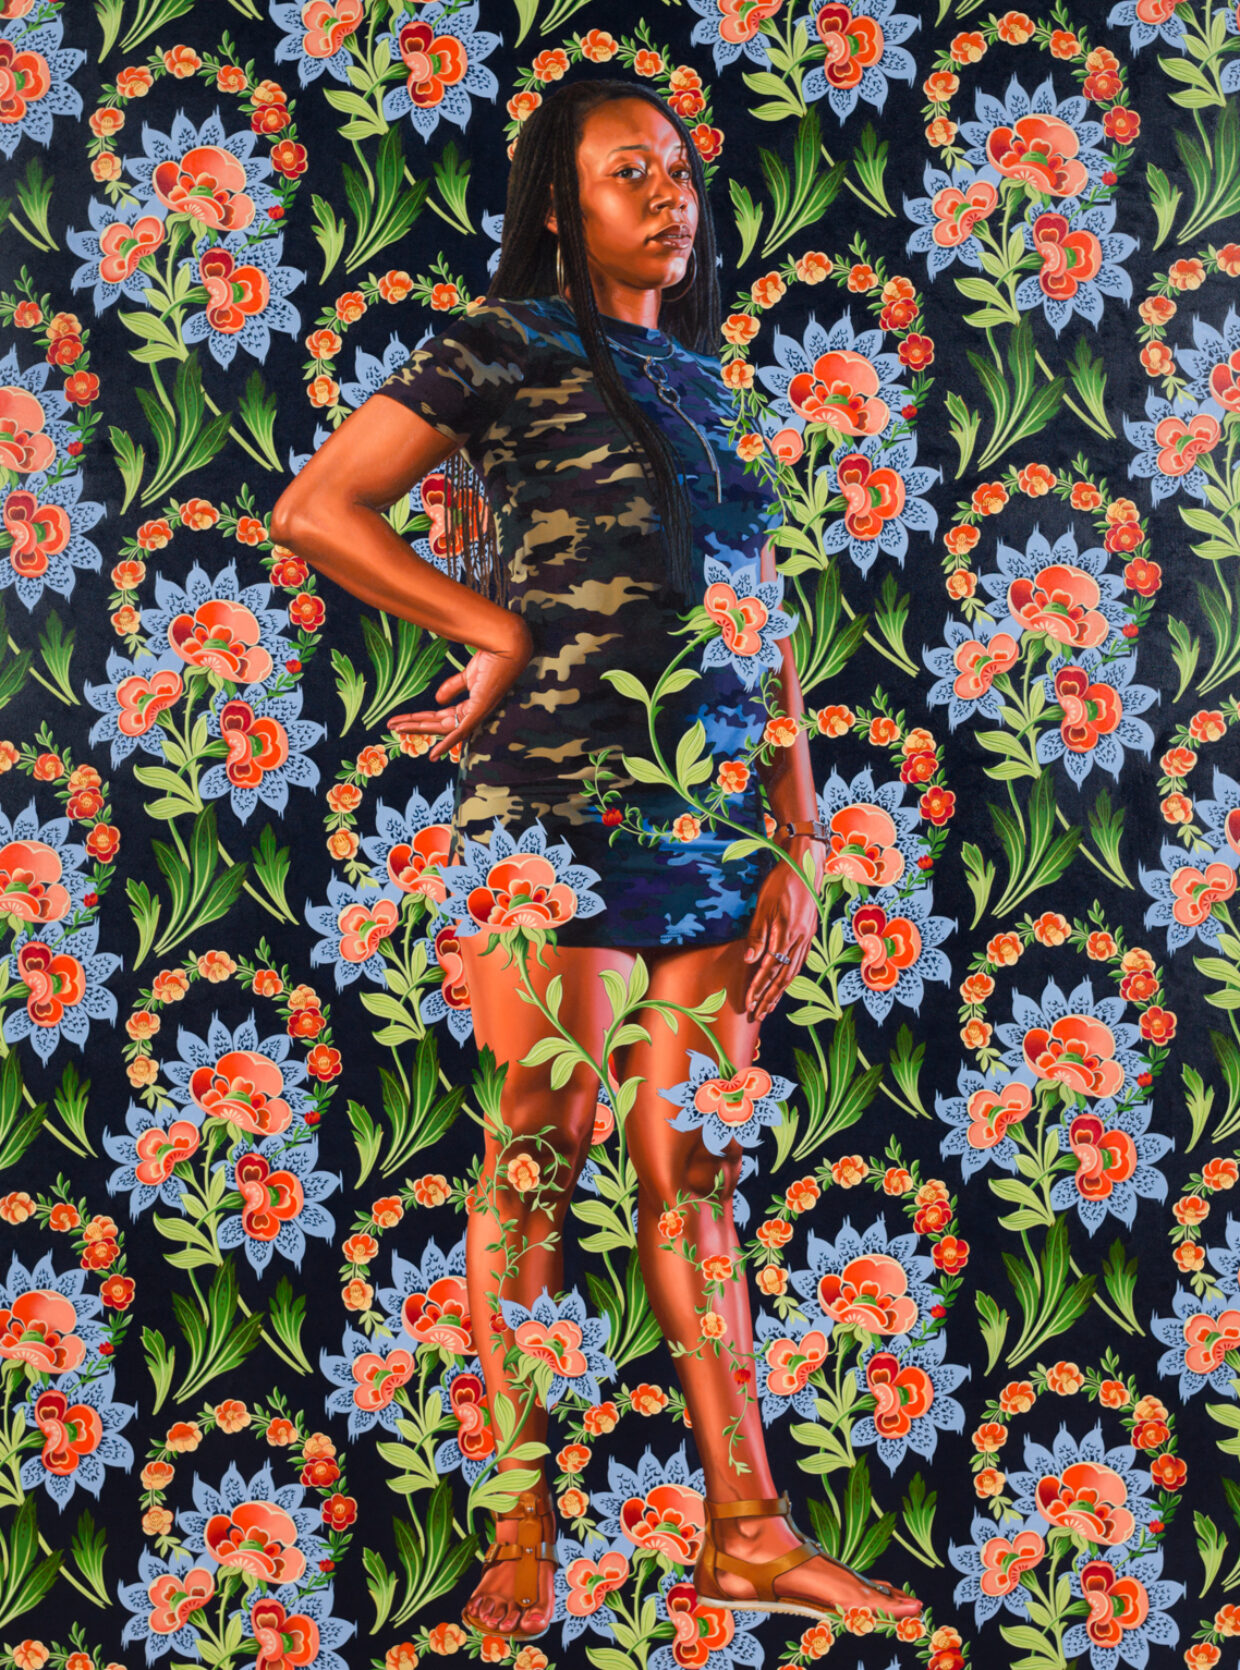 Kehinde Wiley: ‘When I first started painting black women, it was a return home’ | 3
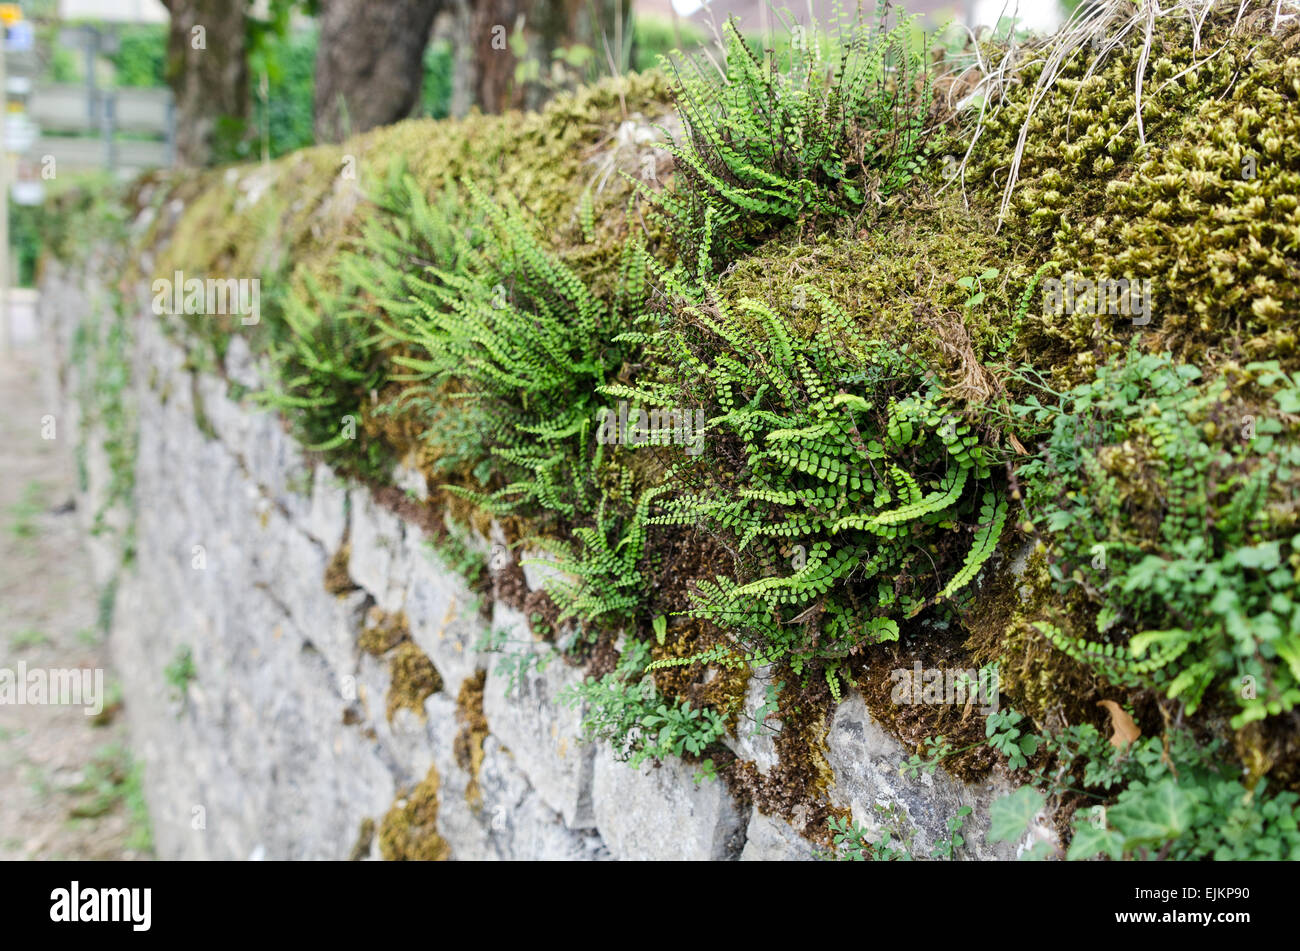 Maidenhair ferns growing among moss on top of an old stone wall in Chagny, Saône-et-Loire, Burgundy, France. Stock Photo
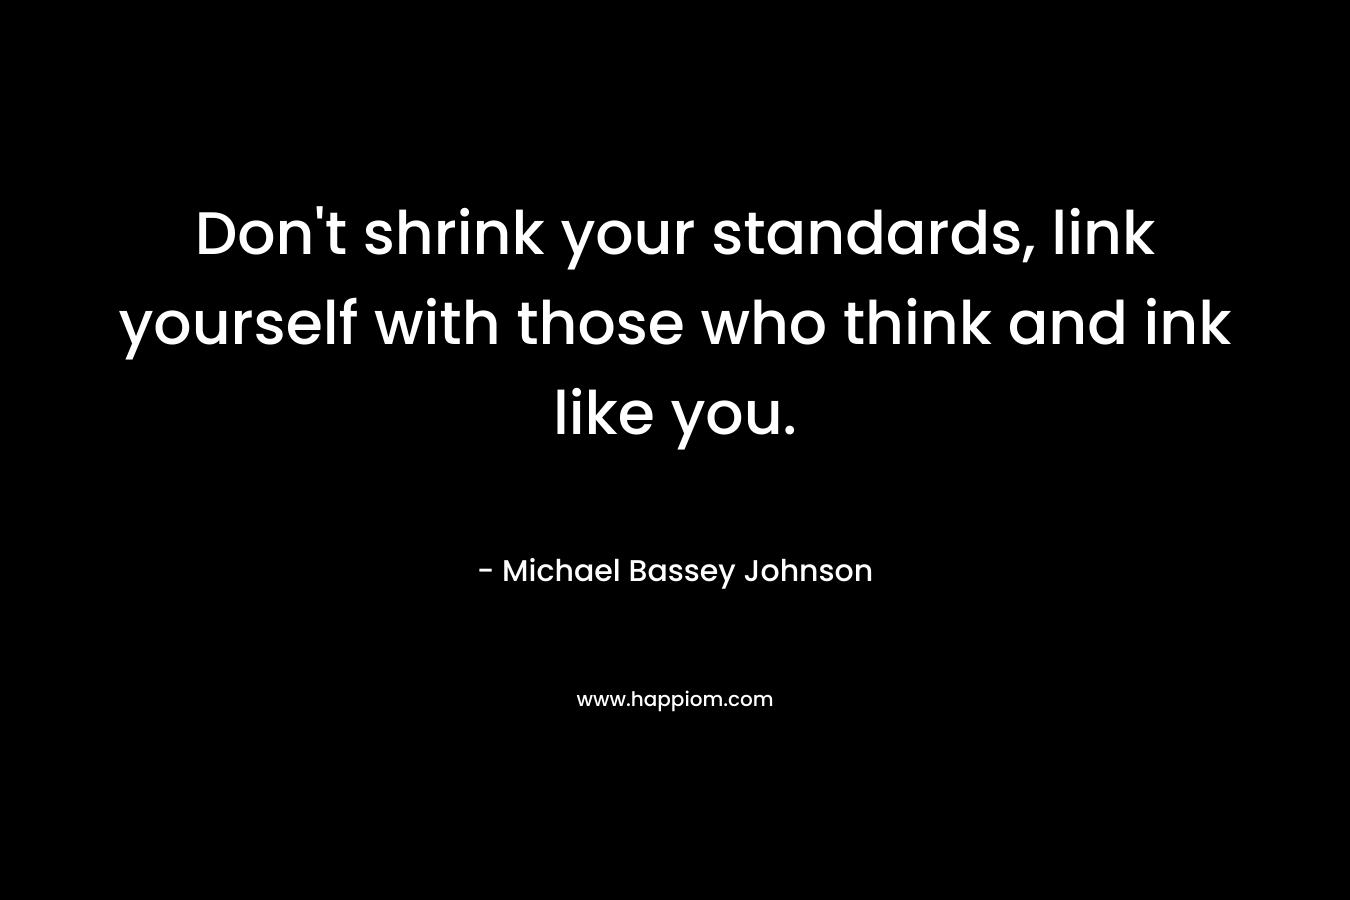 Don't shrink your standards, link yourself with those who think and ink like you.

What you are asked to do =>
Your copy should hold exactly the lines from the one that contains "Maidenhair ferns growing" through the final line of the data, both ends included, and no pictures.

Answer to this problem =>
 Maidenhair ferns growing among moss on top of an old stone wall in Chagny, Saône-et-Loire, Burgundy, France. Stock Photo
 Don't shrink your standards, link yourself with those who think and ink like you.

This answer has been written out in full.